Packing for any Trip should come with a game plan: you’ll want to do so efficiently, neither under nor over-packing. This does pose an interesting question, though. What exactly you should bring on your trip to Italy? Here are a few essential items that should definitely go into your suitcase.
Most people keep their emergency contacts and travel information on their mobile devices or their laptops, but you never know when technology will decide to work against you. Keep a couple of redundant printouts and keep them on you at all times when you go sightseeing, so that you always have the information on hand when you need it. It’s also a good idea to keep photocopies of your passport handy, in case you lose it. You’ll be able to get a replacement at your country’s embassy much easier if you have a copy of the original.
A travel adapter
Italy’s standard electric supply is 220V, though appliances running 240V will work, too. Plugs either come in two or three round pin versions, so an adapter is useful for charging your cellular phone and laptop. Leave the hairdryer at home, though, as most hotels are happy to provide one. If you absolutely need to bring something but are worried about the voltage difference, we recommend that you check out various adapter/converter kits – they’re usually found at home supply stores or available online. You can also look into splitters or extension cords if you’re traveling with a group. This way, there’s no need to fight over outlets.
If you take any prescription medication, count out exactly how many you’ll need, but try to keep them in the bottles they came in – with the prescription, if possible. It’s also wise to keep a stock of over-the-counter medicines in case of emergency or sickness. While you can get just about any kind of medication in Italian drug stores, there’s a chance they’ll be more expensive. Also, keep in mind that painkillers are kept behind the counter at Italy’s pharmacies. You’ll have to ask for them specifically if you need them.
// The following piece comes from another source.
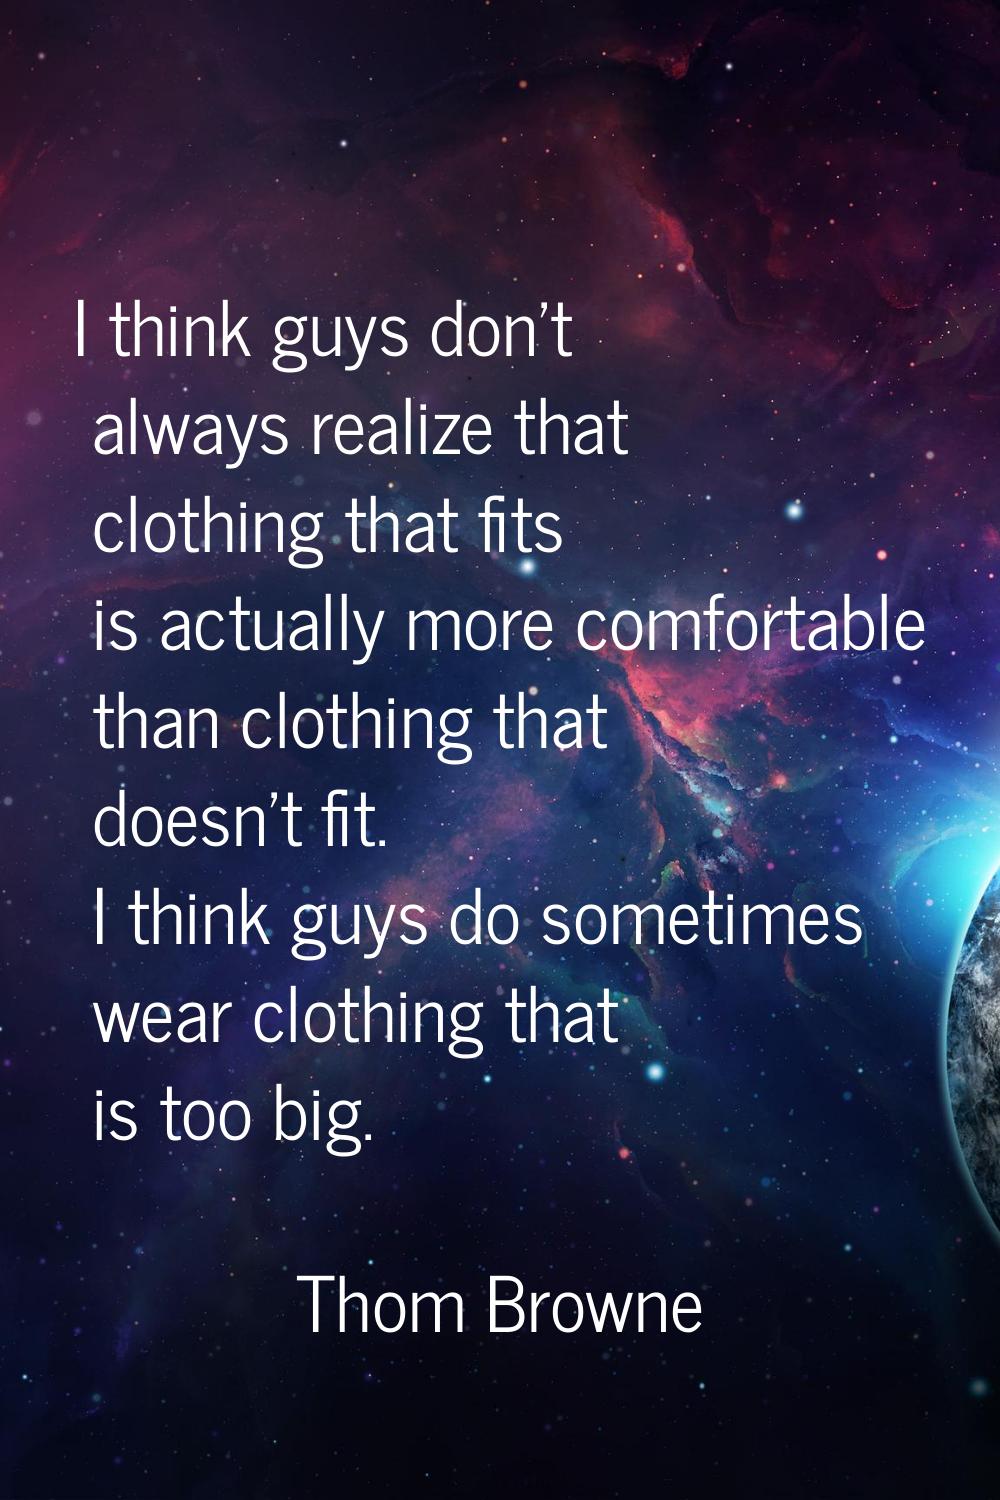 I think guys don't always realize that clothing that fits is actually more comfortable than clothin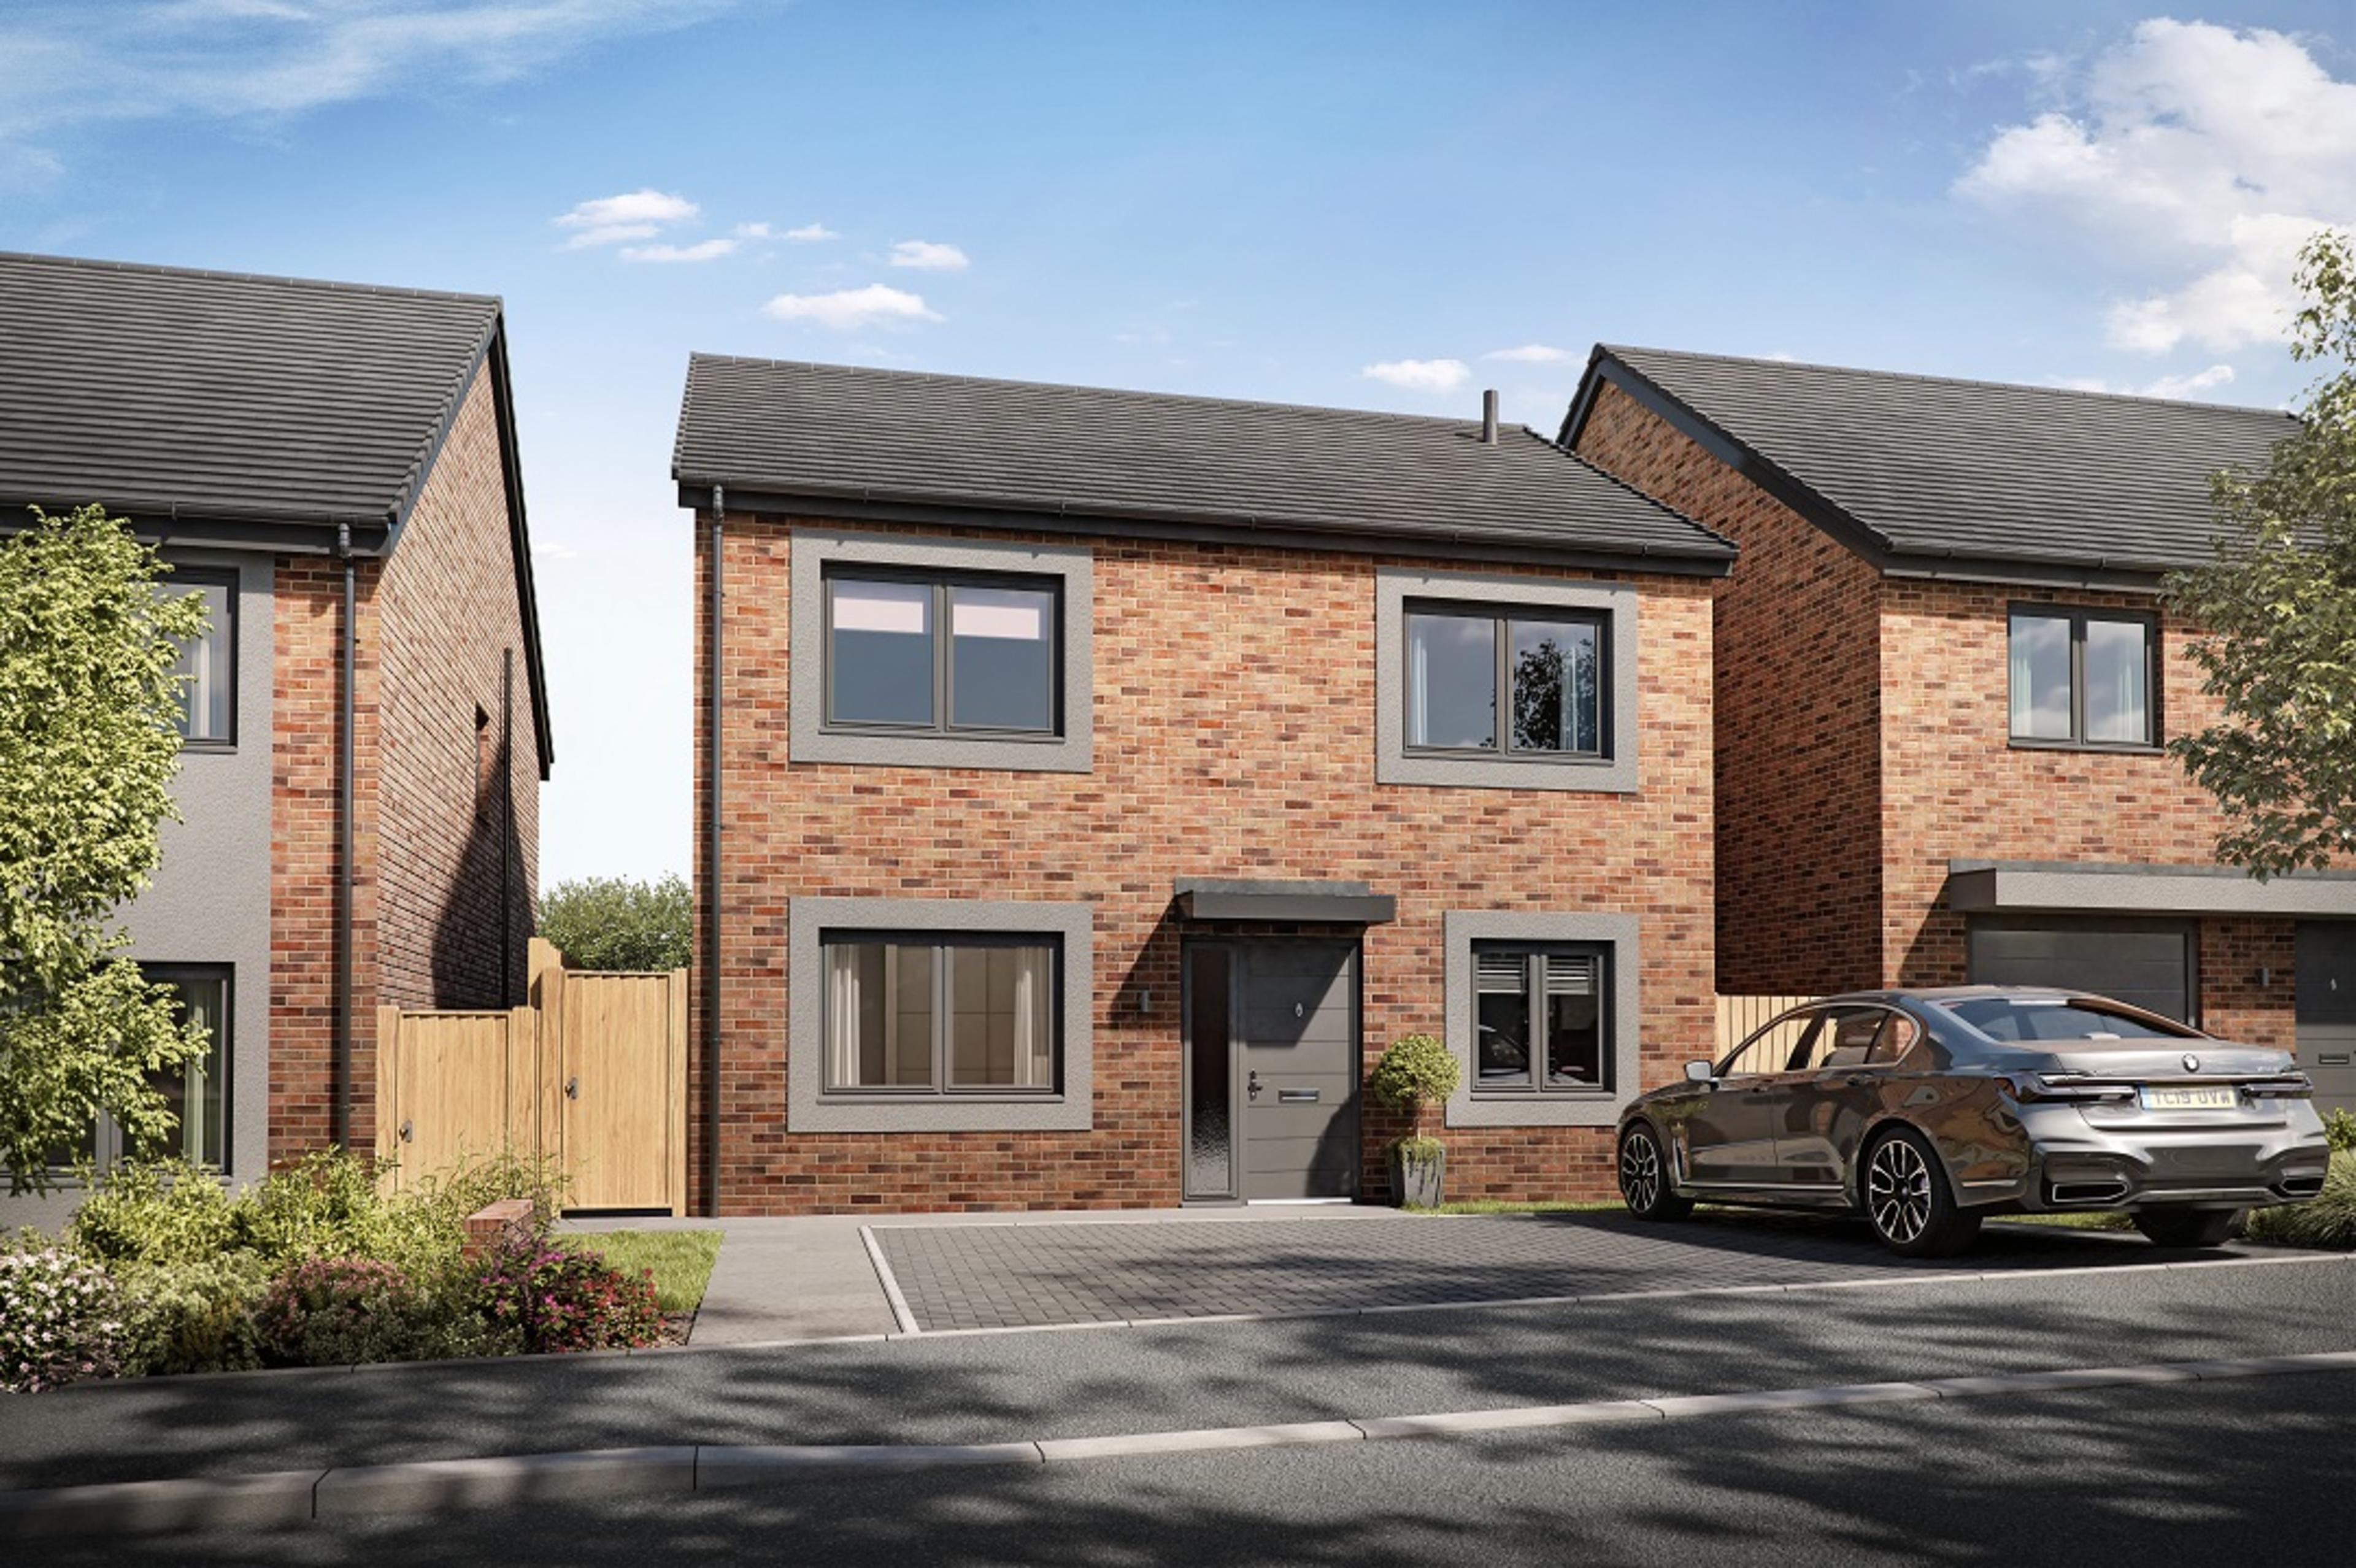 Woolner-Brook-Peacock-4-bed-new-build-detached

Hear us out. Italy has fantastic wine. You don’t want to be caught in a situation when you’ve been presented with a great bottle and don’t have the means to open it with. Dining in your hotel room can save you a lot of money in the long run, but it doesn’t have to feel anything less than la dolce vita. A bottle of wine can elevate any meal, so buy one outside and bring it back. Corkscrews also come in handy when you’re in the mood for a picnic lunch outside somewhere gorgeous. A bit of bread, a bit of cheese, and wine – it’s bliss. Don’t miss out by being unprepared.
Conditioner, lotion, deodorant
The first two might be basic products provided at most hotels you’re used to, but not in Europe. Deodorant can also be challenging to find if you run out, so bring extra. Keep small bits of skin cream in contact lens cases if you have a multi-step routine, and make sure to transfer product into smaller travel-size bottles to save space.
If possible, have your money converted to Euros before traveling to Italy. Even in big cities like Rome and Venice, credit cards aren’t widely accepted, and many establishments don’t take them. Check with your bank if your debit card will work in Italy, and advise them of your travel plans. Most banks freeze cards if they notice suspicious activity, and this safeguards against that possibility. You can also keep your money in a discreet money belt. You wear this under your clothes to keep it safe from snatchers and pickpockets.